The question on HackerRank states that coin is a value between 1 and 50. So basically it say's it can be 49 or 13. I hate when one time you supposed to make assumptions to real world and other time have tests failed and find out that "you should have been reading more carefully".

Can anyone tell me about its recurrence relation ???

Did I just hear "make out" !? 0:37

how many ways to make 0 money => 1 way ? hows that ?

How do you come up with elegant solutions like this off the top of your head? I understand why it works when stepping through it but… it looks like you begin with thinking about base-conditions for stopping the recursion loop and returning the smallest possible answer (you didn't here but you usually do).. it's just difficult to extrapolate and break-down how you come up with this solution because it seems like a chicken/egg scenario where the pieces all depend on eachother and you need to know them all at once.. hopefully it will come overtime and practice..

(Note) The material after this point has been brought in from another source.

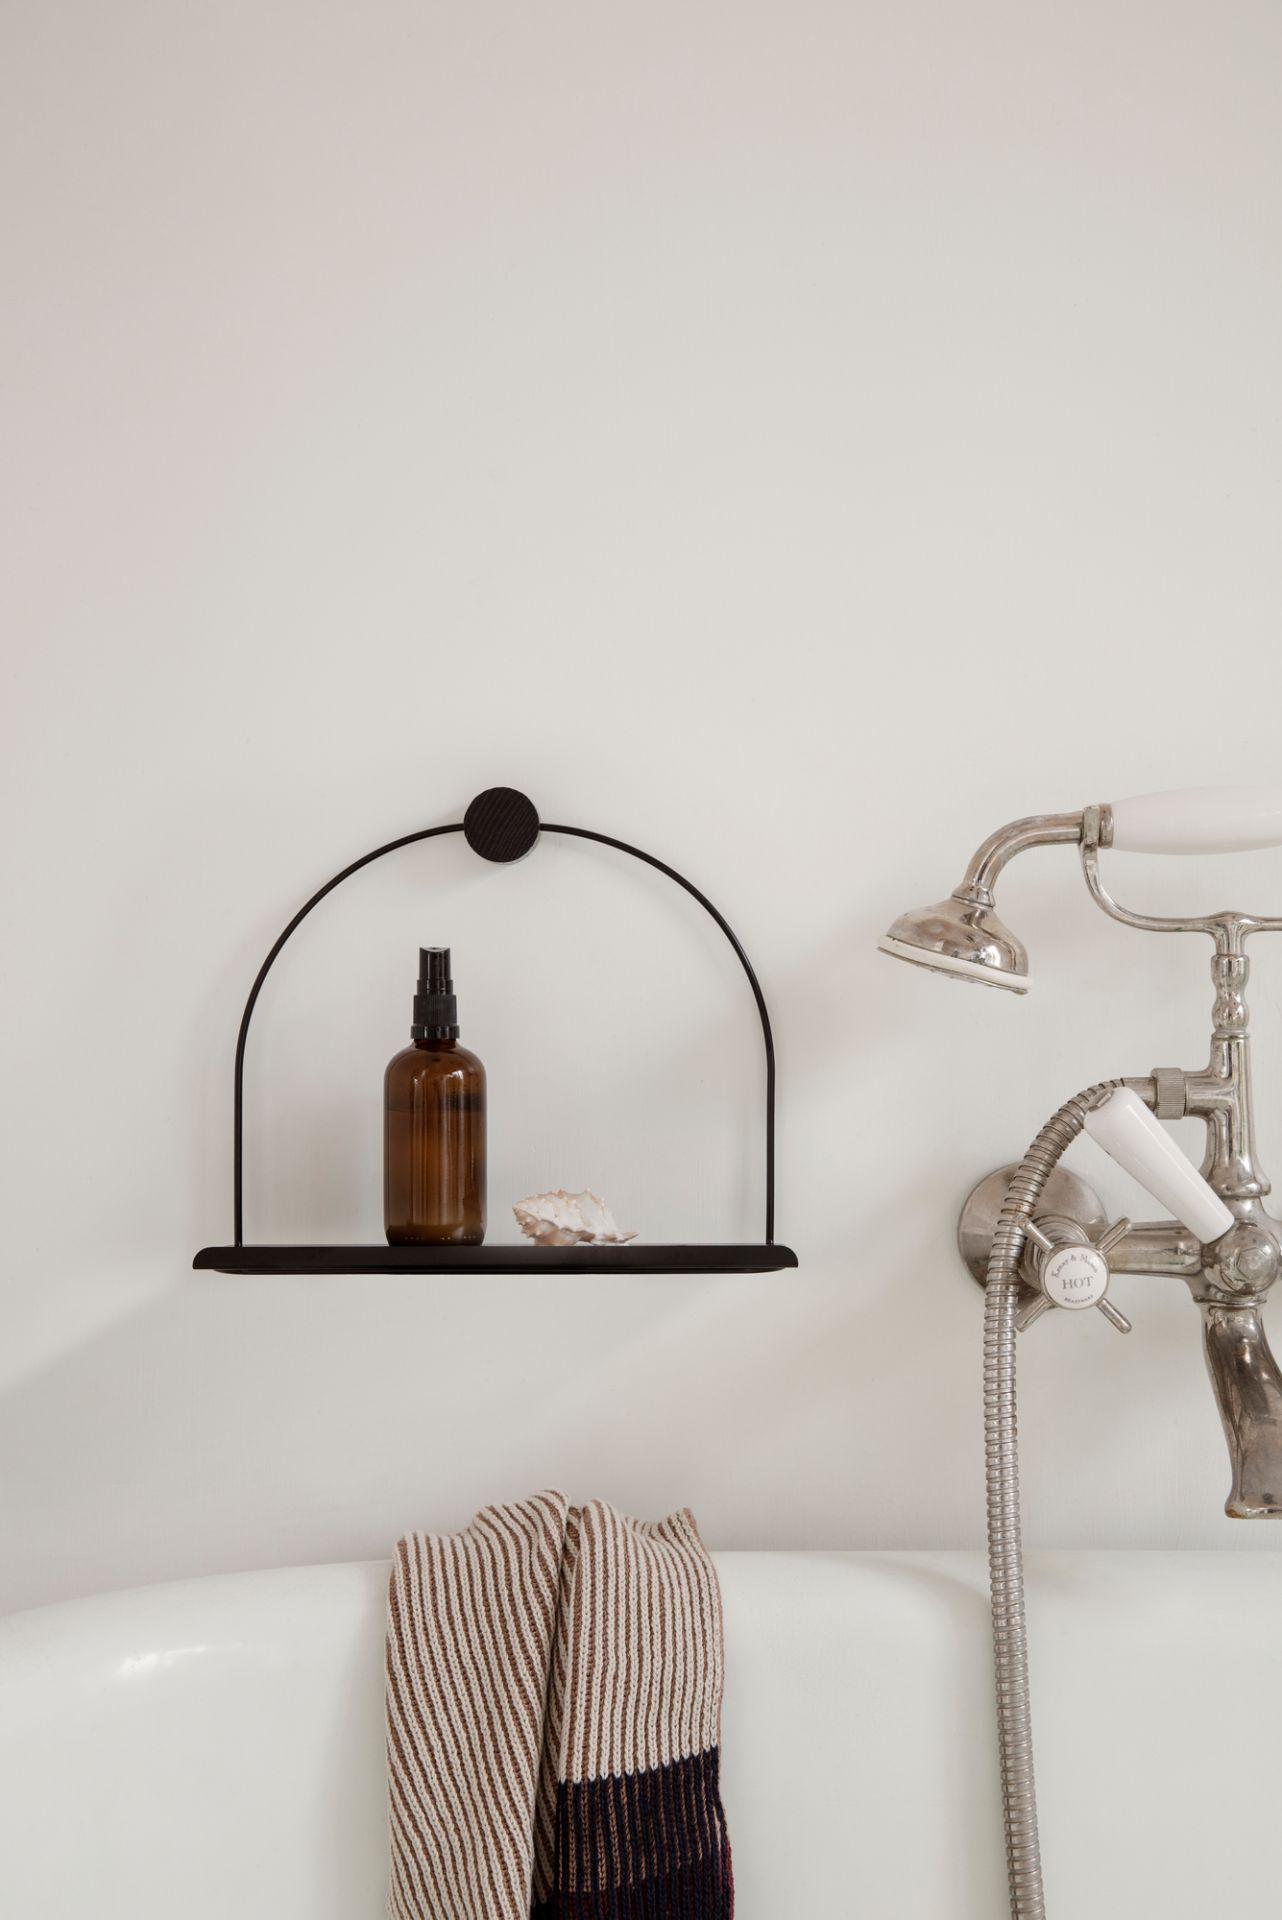 Bathroom Shelf Badezimmerregal Ferm Living Messing

I am a slow learner. Watching the video by ONeillCode – https://www.youtube.com/watch?v=jaNZ83Q3QGc before the Hackerrank one made it easier for me to get the grasp of the solution. And once you understand this and the Minimum Coin Change , you can solve a lot of other DP problems using similar tactics!

I am still confused as to why we need to store the money and index into a hashmap

Thanks so much for your video. It was really helpful!

For people international

penny = 1

nickel = 5

dime = 10

quarter = 25

half dollar .= 50

dollar = 100

Could you speak a bit slower please? In all those tutorial videos I have watched, this was the first time I opened the subtitles 🙂

Thank you for the video by the way 🙂

I wish she didn't got through the solutions so quick and actually explained each line in detail…

Dumb question: number of ways to make change for zero cents is One. Why is that? If I had no money, then how can I make change for it. Just trying to understand the intuition here.

good video, change the font next time and perhaps introduce the coins to those that are international so we can better understand the video.